None of these conditions are unique to social psychology. They describe, in various combinations, the verification infrastructure of most of academic research at the time. The Stapel case is the one that finally forced the field to confront them.

The 58 Retractions

The retraction count grew over years as the investigative committees worked through Stapel’s full bibliography of approximately 137 papers, interviewing co-authors, requesting raw data, and assessing the evidence for each individual study.

The pace of retractions tracked the investigations: 7 by the end of 2011, 31 by late 2012, 55 by August 2015, and 58 by the end of 2015, the count Retraction Watch has continued to maintain. The retractions include the Science paper “Coping with Chaos” (retracted December 1, 2011), multiple papers in JPSP, papers in PSPB, papers in Journal of Experimental Social Psychology, Social Cognition, and several book chapters that built on the fabricated work.

The damage extended past Stapel himself. The Levelt commission’s joint report concluded that at least 10 doctoral dissertations supervised by Stapel contained fabricated data — meaning that more than a dozen graduate students had defended PhDs in part on data that Stapel had invented and handed to them. A 2014 working paper by Mongeon and Larivière (“Costly Collaborations: The Impact of Scientific Fraud on Co-authors’ Careers”) estimated the citation and career impact across more than 30 of Stapel’s co-authors, many of whom saw publication records gutted by retractions on work they had performed in good faith.

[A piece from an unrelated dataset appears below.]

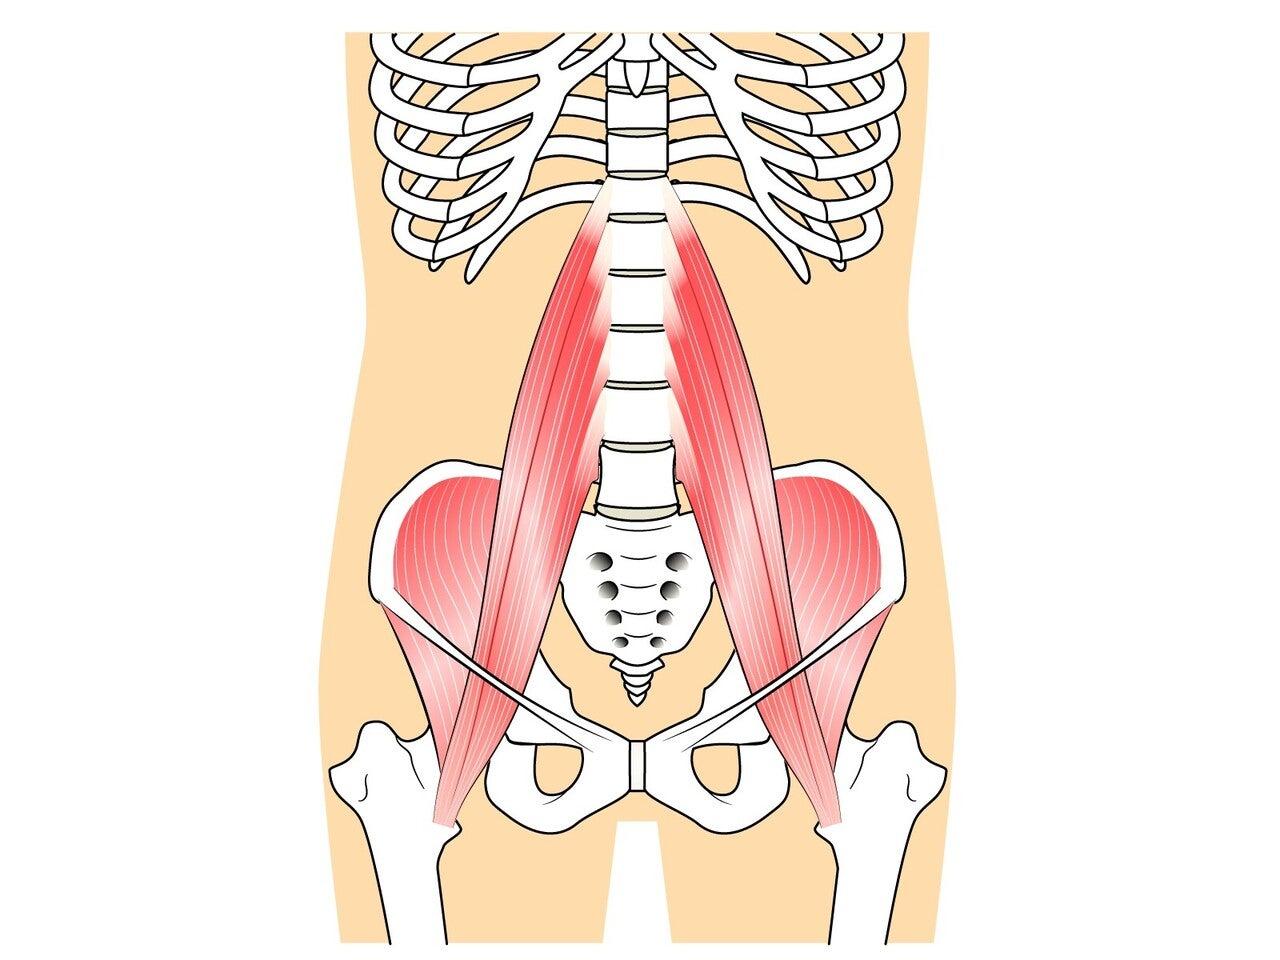 解剖 腸腰筋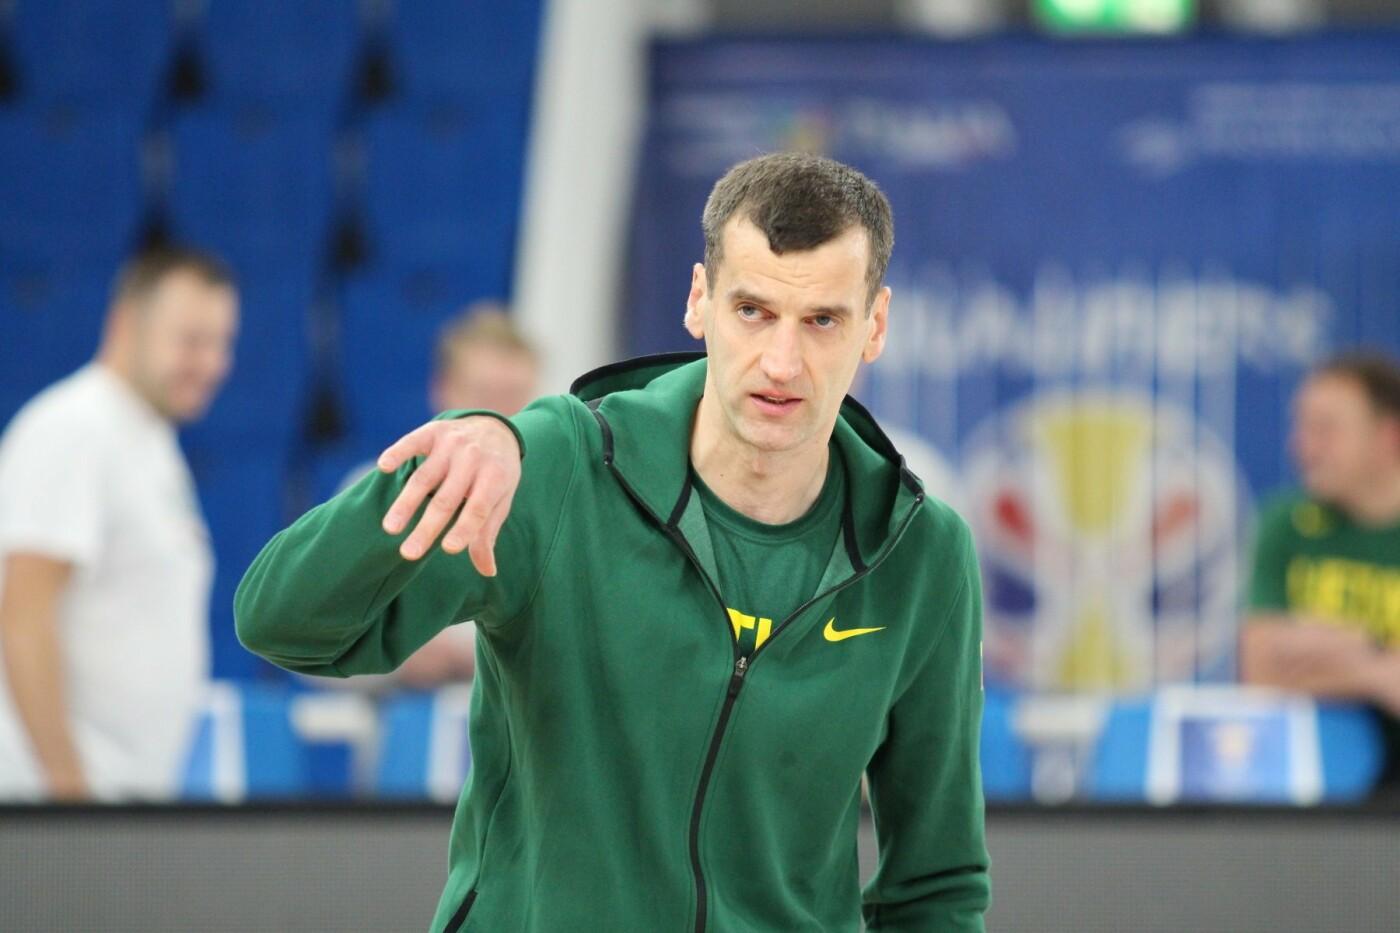 Lietuvos vyrų krepšinio rinktinė surengė vienintelę treniruotę Italijoje, nuotrauka-23

The legal consequences for Stapel were modest by US standards. In June 2013, the Dutch prosecutor reached an agreement with him: 120 hours of community service and the surrender of benefits equivalent to roughly 1.5 years of salary. He did not serve prison time. He has subsequently worked as a teacher and consultant, and has given media interviews and lectures about the case.

What This Catalyzed

The Stapel case did not, on its own, create the methodological reform movement in psychology. The Bem precognition controversy (also 2011) and the Bargh elderly-priming replication failures (also 2012) were occurring simultaneously. What Stapel did was provide the field with a case so clear-cut, so undeniable, and so impossible to attribute to “honest disagreement about methods” that it became impossible to dismiss calls for structural reform.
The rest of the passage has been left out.